My ds who's 3 has always been really into climbing (like most kids this age!) and for as long as he has been able to has climbed up slides in parks as well as sliding down them. He always waits his turn if it's busy and doesn't climb up if someone is about to slide down. I have always let him do this as I know that he knows his own limits and has yet to have any accidents, he is careful. Our parks are rarely very busy either. However, I have often heard other mums say to their kids as they try to climb up the slide "no dear, go up the normal way" or the "proper way" or similar words to this effect, or worse "you'll get the slide dirty" !! So their shoes doen't make it dirty if they slide down?! .
It doesn't bother me what other parents let and don't let their kids do, that's their choice, but to imply that my child is doing something wrong or abnormal and give me funny looks or say stuff extra loud so I hear them, that's annoying!! surely in playgrounds children should be able to use the equipment however they choose to, exploring and being adventurous?
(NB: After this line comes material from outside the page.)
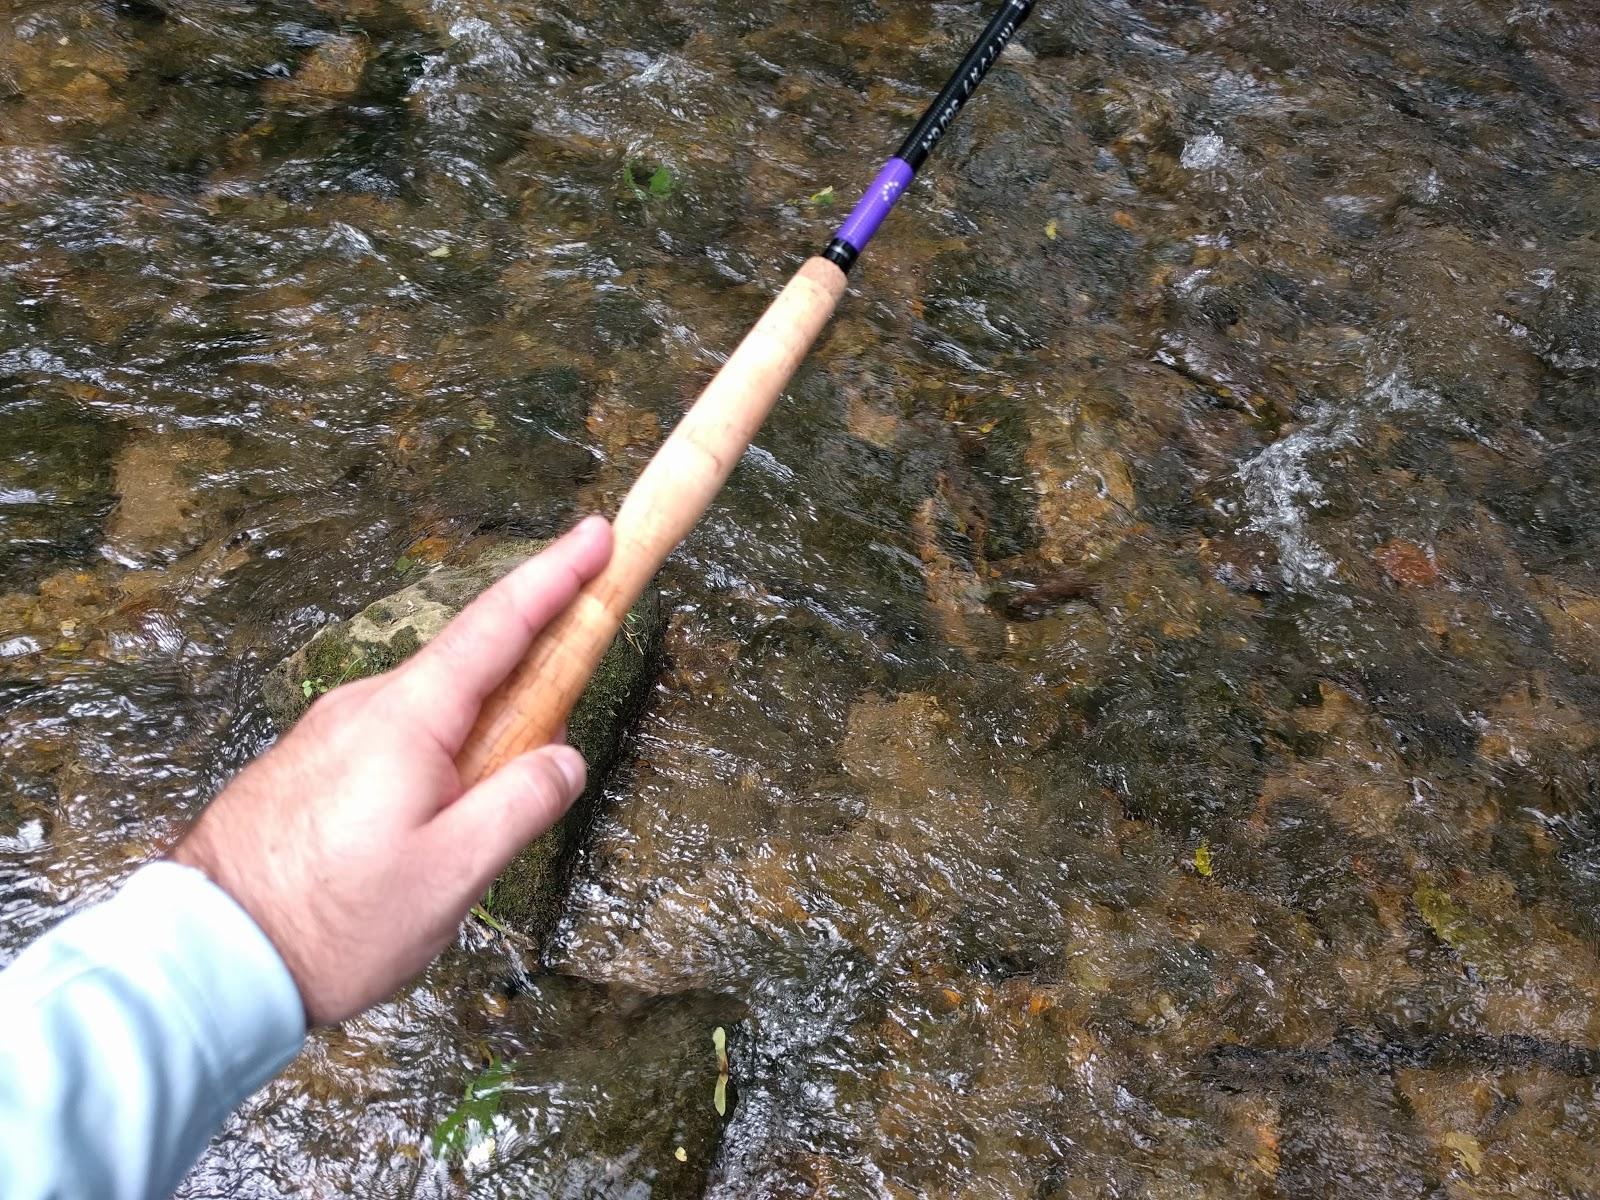 bc6c0d0ea7e Troutrageous! Fly Fishing   Tenkara Blog  Gear Review Update ...

Isn't this what childhood is all about? With a bit of adult supervision it isn't dangerous. Am I on my own in feeling like this?

OP posts:
Are your children’s vaccines up to date?
fortyplus · 10/10/2006 19:48

Dear Blu thanks for the welcome - i can see that i'm going to have fun on this site!
Those of you who supervise your kids, teach them respect for others but allow them a little freedom to do things 'wrong' now and again WILL reap the benefits!
My 2 boys are both at secondary school now and doing really well - learning musical instruments, getting glowing reports etc even though I'm the least pushy parent you'll ever meet.

Meanwhile the little sh*ts who pushed them down the slide when they were two have all either been suspended or spend most of their time hanging around outside McDonalds in their hoodies so that no one recognises them when they go off to spray graffiti and swear at old ladies.

Tongue in cheek?

WideWebWitch · 10/10/2006 20:32

ha ha QPH, 'fraid so!

tigermoth · 10/10/2006 20:46

forty plus, that IS tongue in cheek, isn't it?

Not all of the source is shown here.